Важнейшим этапом в истории противостояния римо-католицизма и Православия явился 4-й крестовый поход (1202-1204). В 1198 году первосвященником Ватикана стал Иннокентий III. Его не могли устраивать постоянно набиравшие остроту отношения между двумя христианскими Церквами. Лавры папы Урбана II, крепко наказавшего крамольный Иерусалим, не давали покоя новому Римскому папе: нужно было во что бы то ни стало примирить латинскую и греческую Церкви, укрепить пошатнувшийся авторитет Ватикана, а заодно и собственные притязания на верховенство во всем христианском мире.

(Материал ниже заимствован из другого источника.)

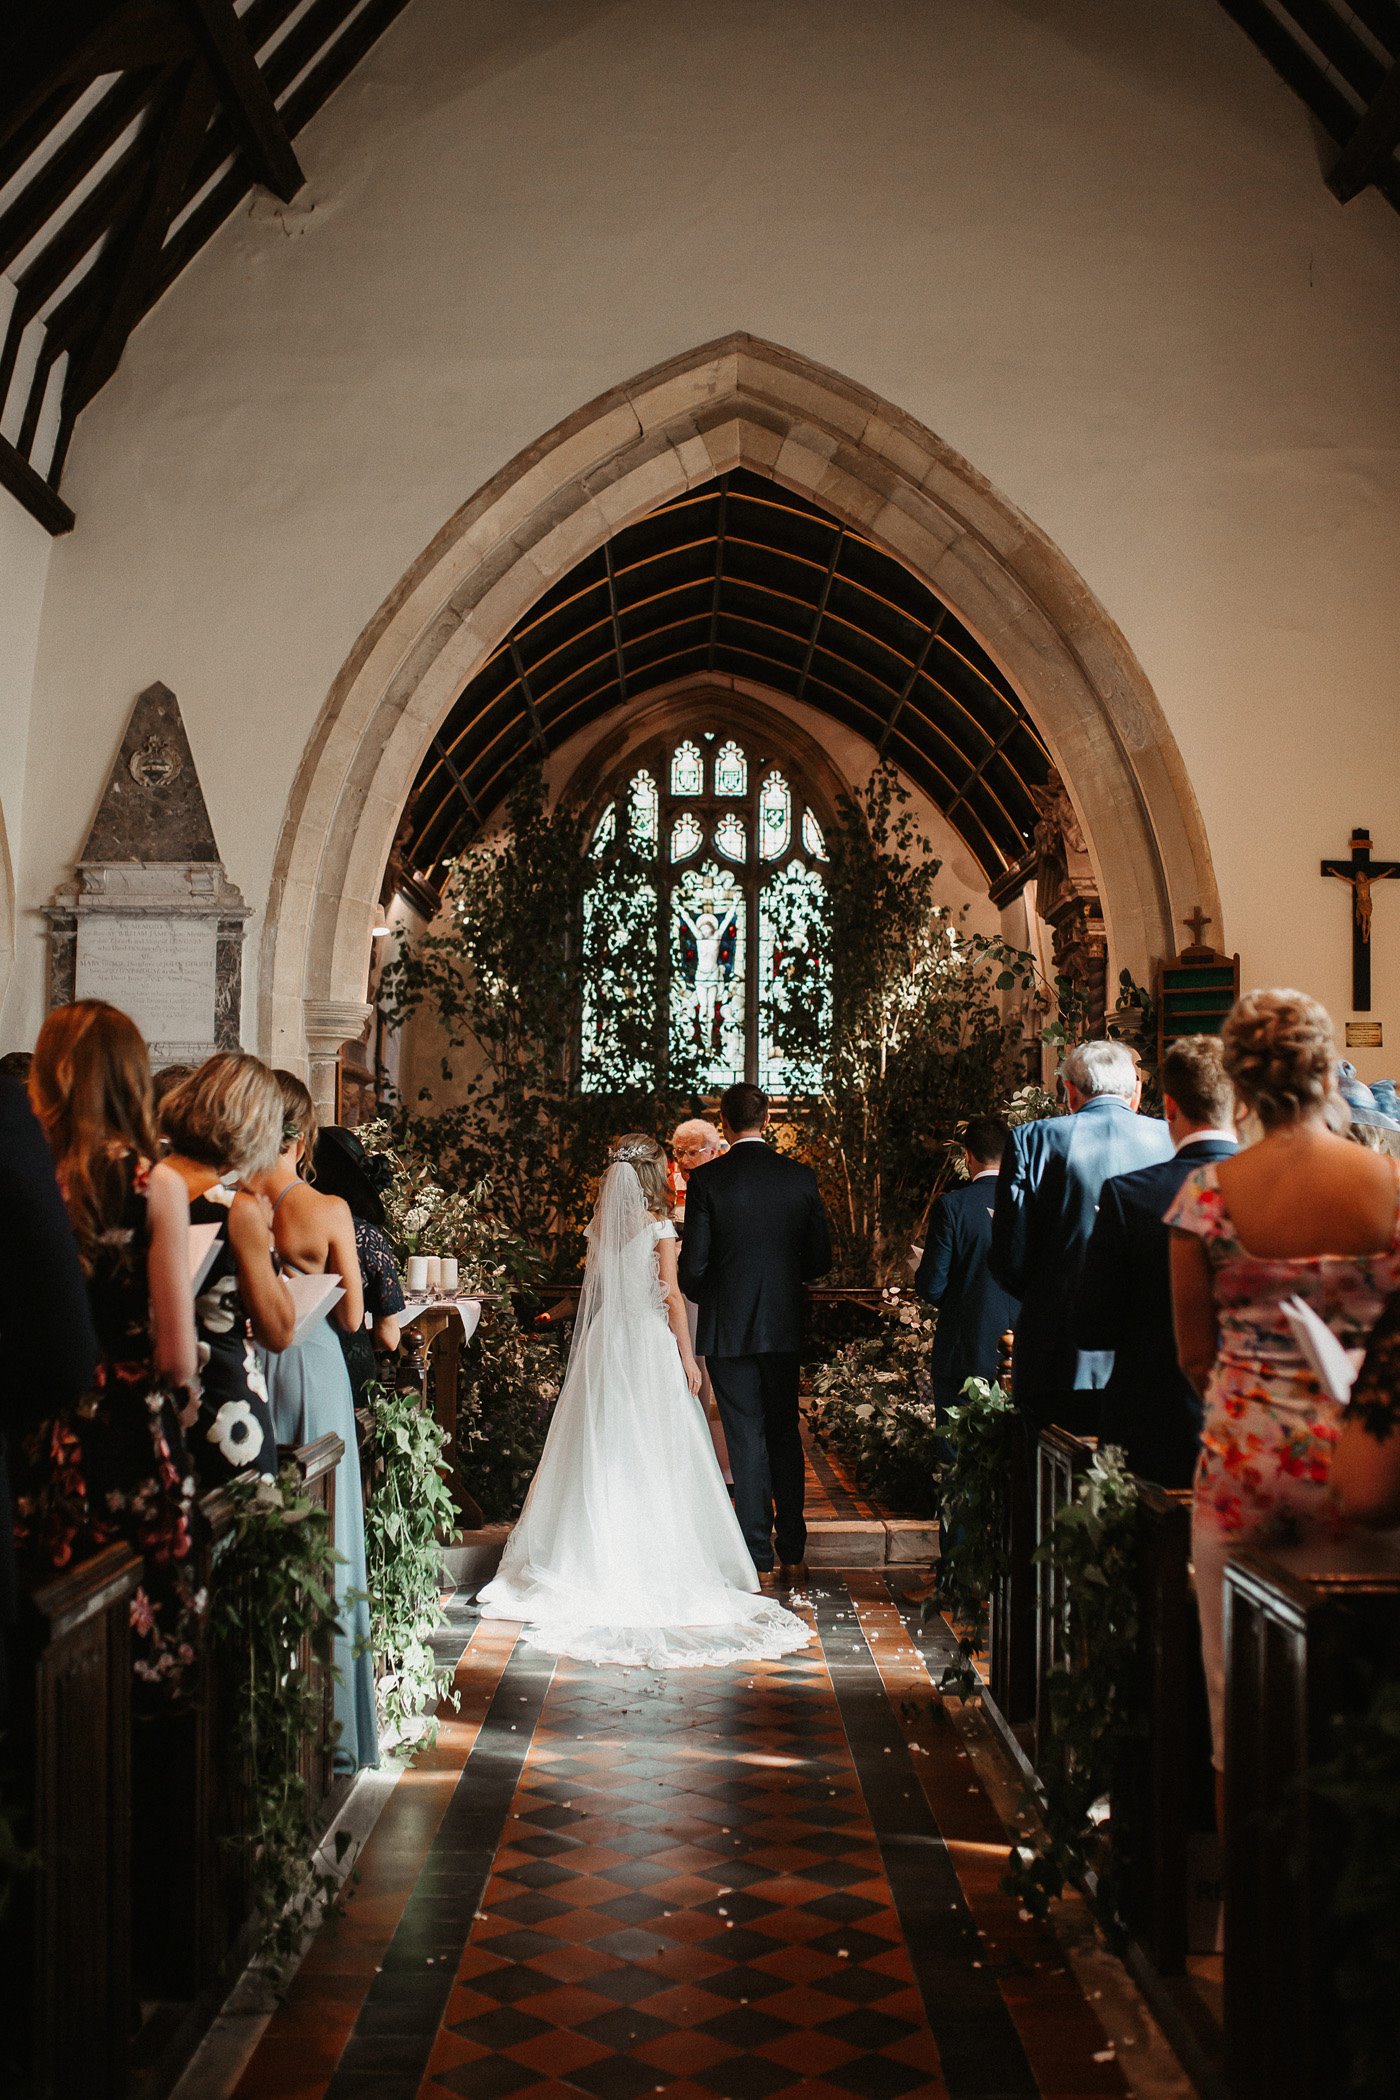 Bride and groom getting married in church in england

В августе того же года, с целью наказать строптивый Египет, наводненный сарацинами, папа провозгласил новый крестовый поход большой армады французских, немецких и итальянских крестоносцев. Однако его призыв не нашел у европейцев столь же восторженного отклика, как это было при папе Урбане II. Время шло, а феодальные магнаты (в первую очередь — французские) мешкали, ссылаясь на трудности перехода огромного войска через безбрежные просторы Средиземного моря (а мыслилось, что будет занято в походе не менее 33.500 человек). Нужны были денежные средства — да еще какие!

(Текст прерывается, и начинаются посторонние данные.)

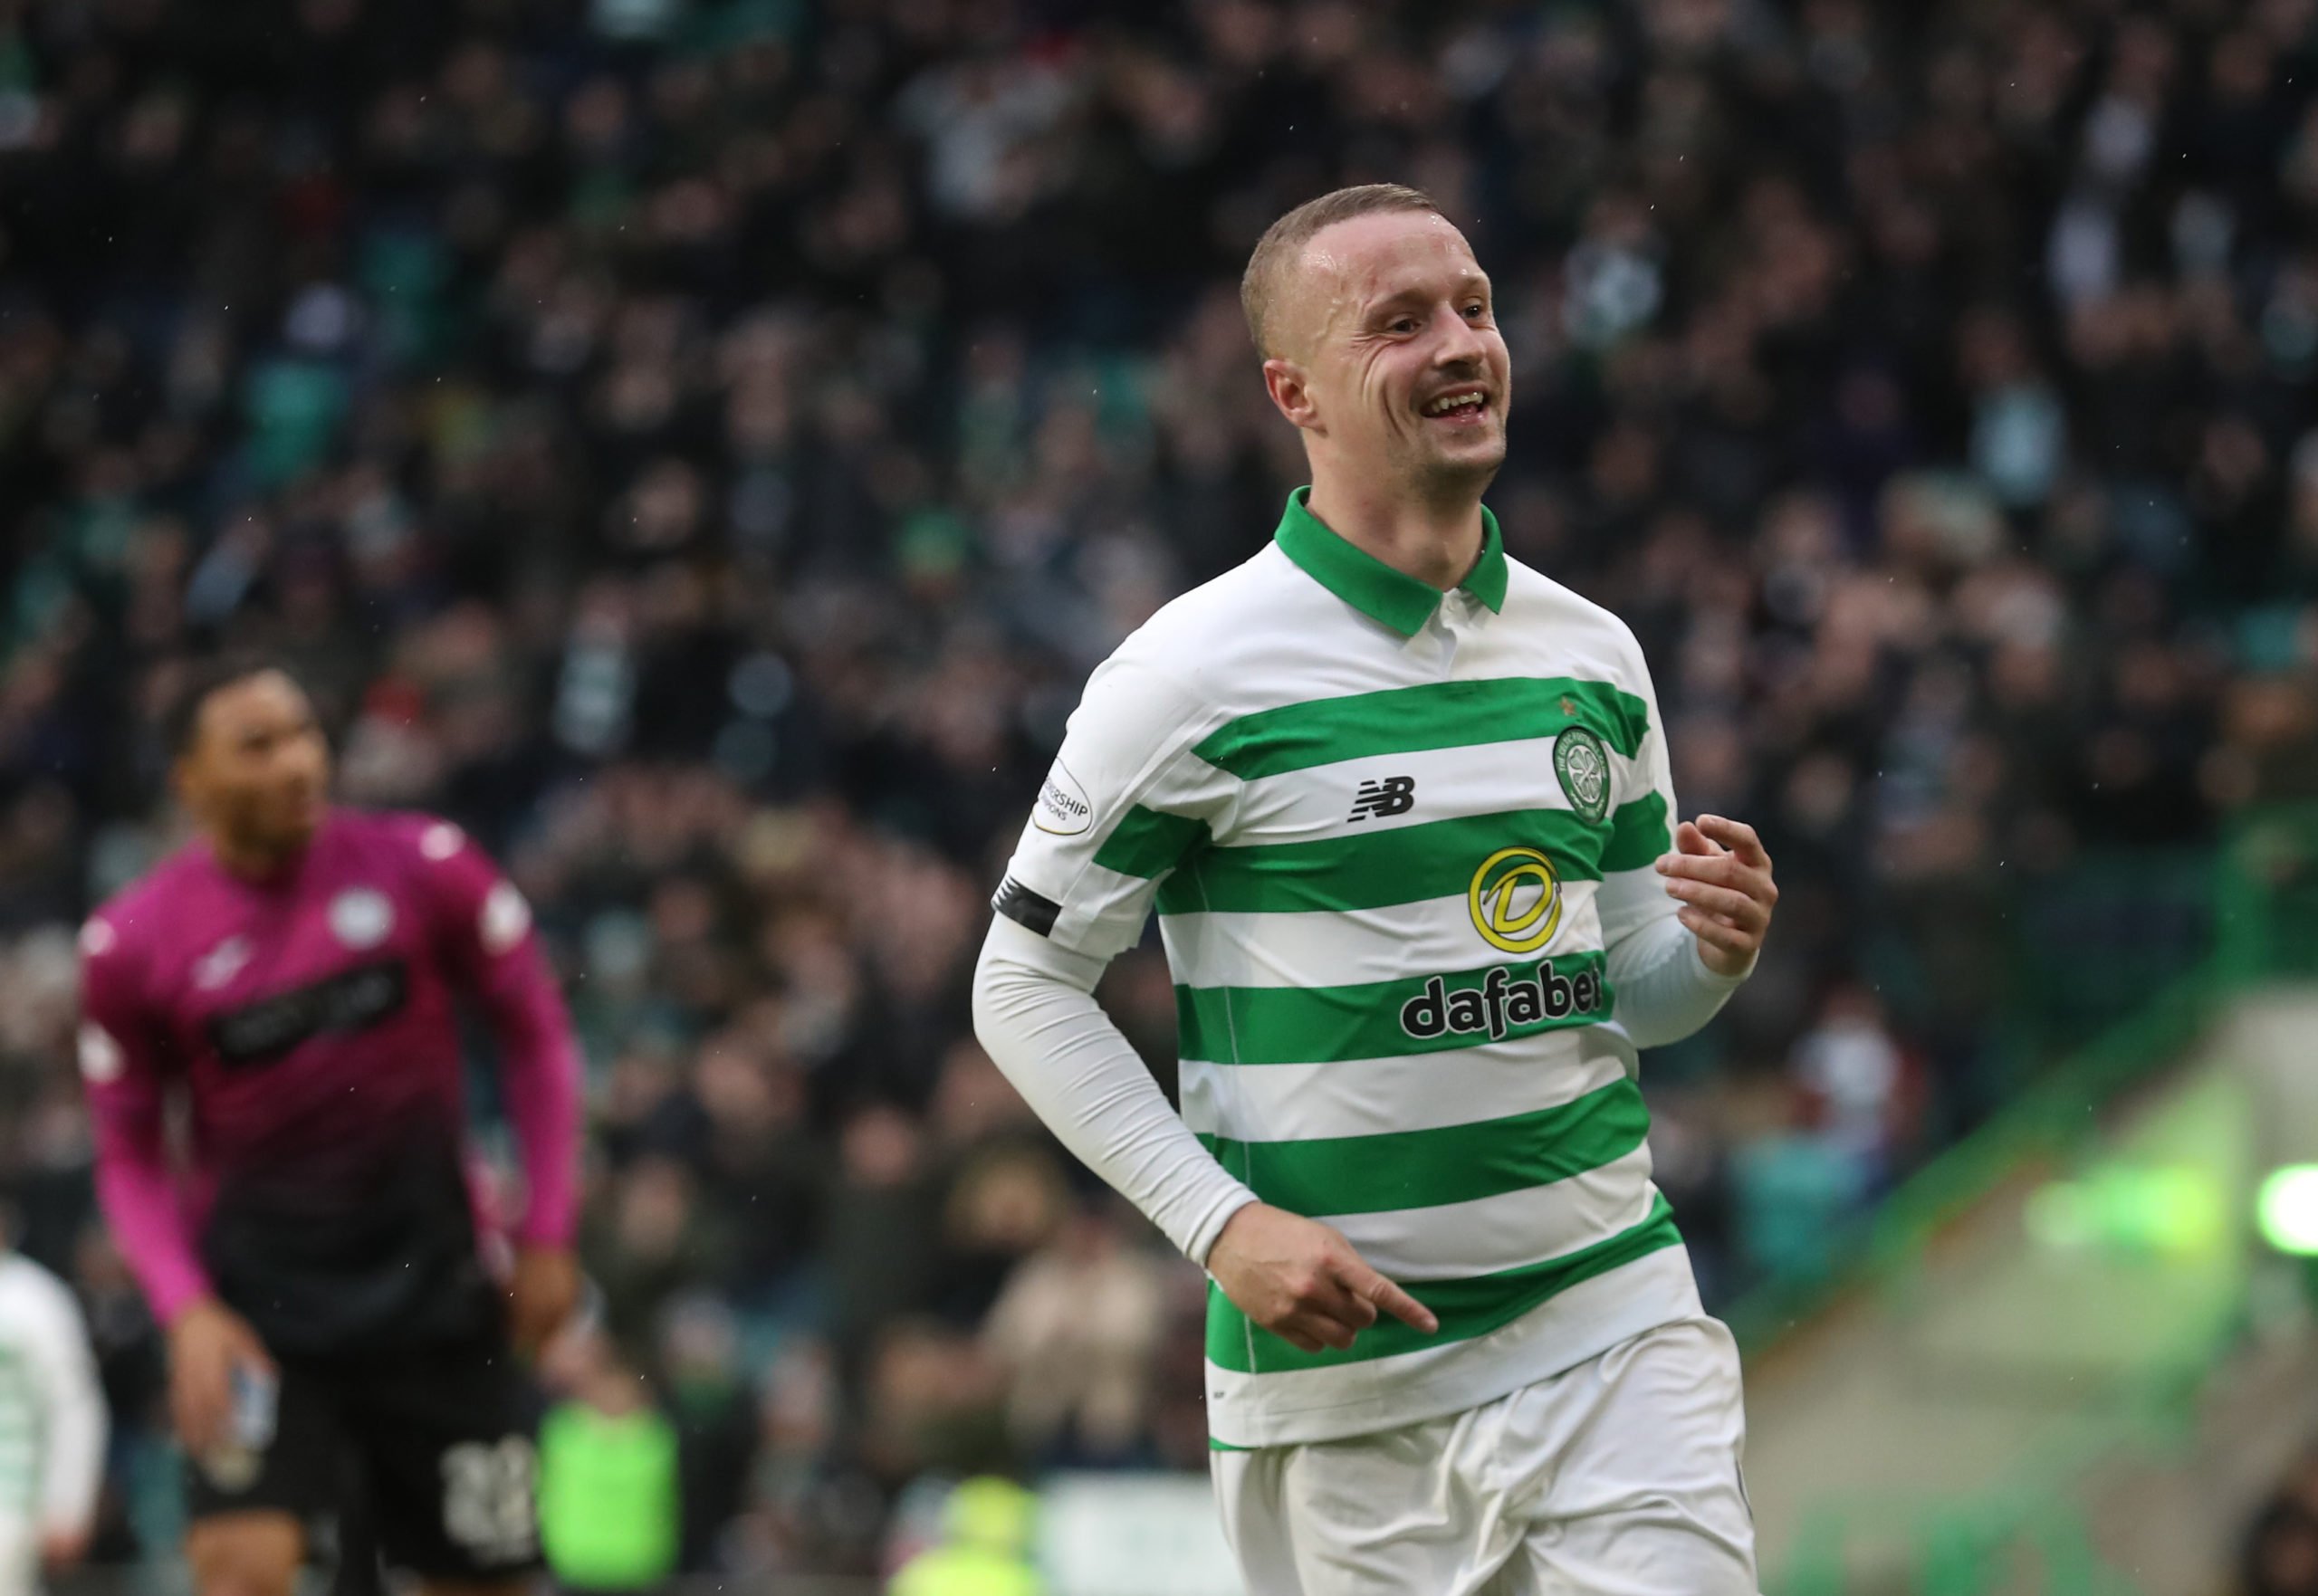 Celtic forward Leigh Griffiths after scoring

А тем временем над все более дичавшей Европой занимался тревожный XIII век. Некоторым феодальным магнатам на севере Франции удалось наконец-то вступить в переговоры с разбогатевшей на торговле Венецианской республикой: без ее помощи не могло быть и речи об успешности столь трудного похода, да еще с преодолением огромной водной преграды. За предоставление кораблей, судовых команд и обеспечение крестоносцев продовольствием венецианцы затребовали 85.000 марок серебром. Но когда в установленное время (весной 1202 года) войско прибыло в Венецию, численность его оказалась в три раза меньшей (всего 11 000 человек), а денежные средства не насчитывали и половины требуемой суммы.

В этих условиях венецианцы пошли на открытый шантаж. Обнаружив казну пустой, глава Венецианской республики, 90-летний дож Генрих Дандоло, предложил, чтобы крестоносцы прежде всего отвоевали для его республики христианский город Зару (ныне Задар в Далмации), захваченный венграми в 1186 году, да еще к тому же находившийся под покровительством венгерского короля-крестоносца, а уж потом Венеция отблагодарит их за то, что не станет на Далматинском берегу ненавистного Венеции морского порта, вредоносно мешающего ей торговать со странами Средиземноморья и безраздельно господствовать в Адриатике. Ловкую же крапленую карту подбросил крестоносцам хитрый лис Дандоло! Как ни роптали те поначалу, все равно пришлось им согласиться с предложением венецианского дожа: изменив первоначально намечавшееся направление похода, они буквально растерзали Зару, населенную их единоверцами. Римский папа Иннокентий III и тут, как Пилат, лишь умыл руки: за “пролитие братской крови” он отлучил от Церкви разом все крестоносное войско, но на большинство крестоносцев это вообще не произвело никакого впечатления, поскольку папское отлучение, произведенное чохом, не задевало конкретно никого из творцов и участников разбойного дела.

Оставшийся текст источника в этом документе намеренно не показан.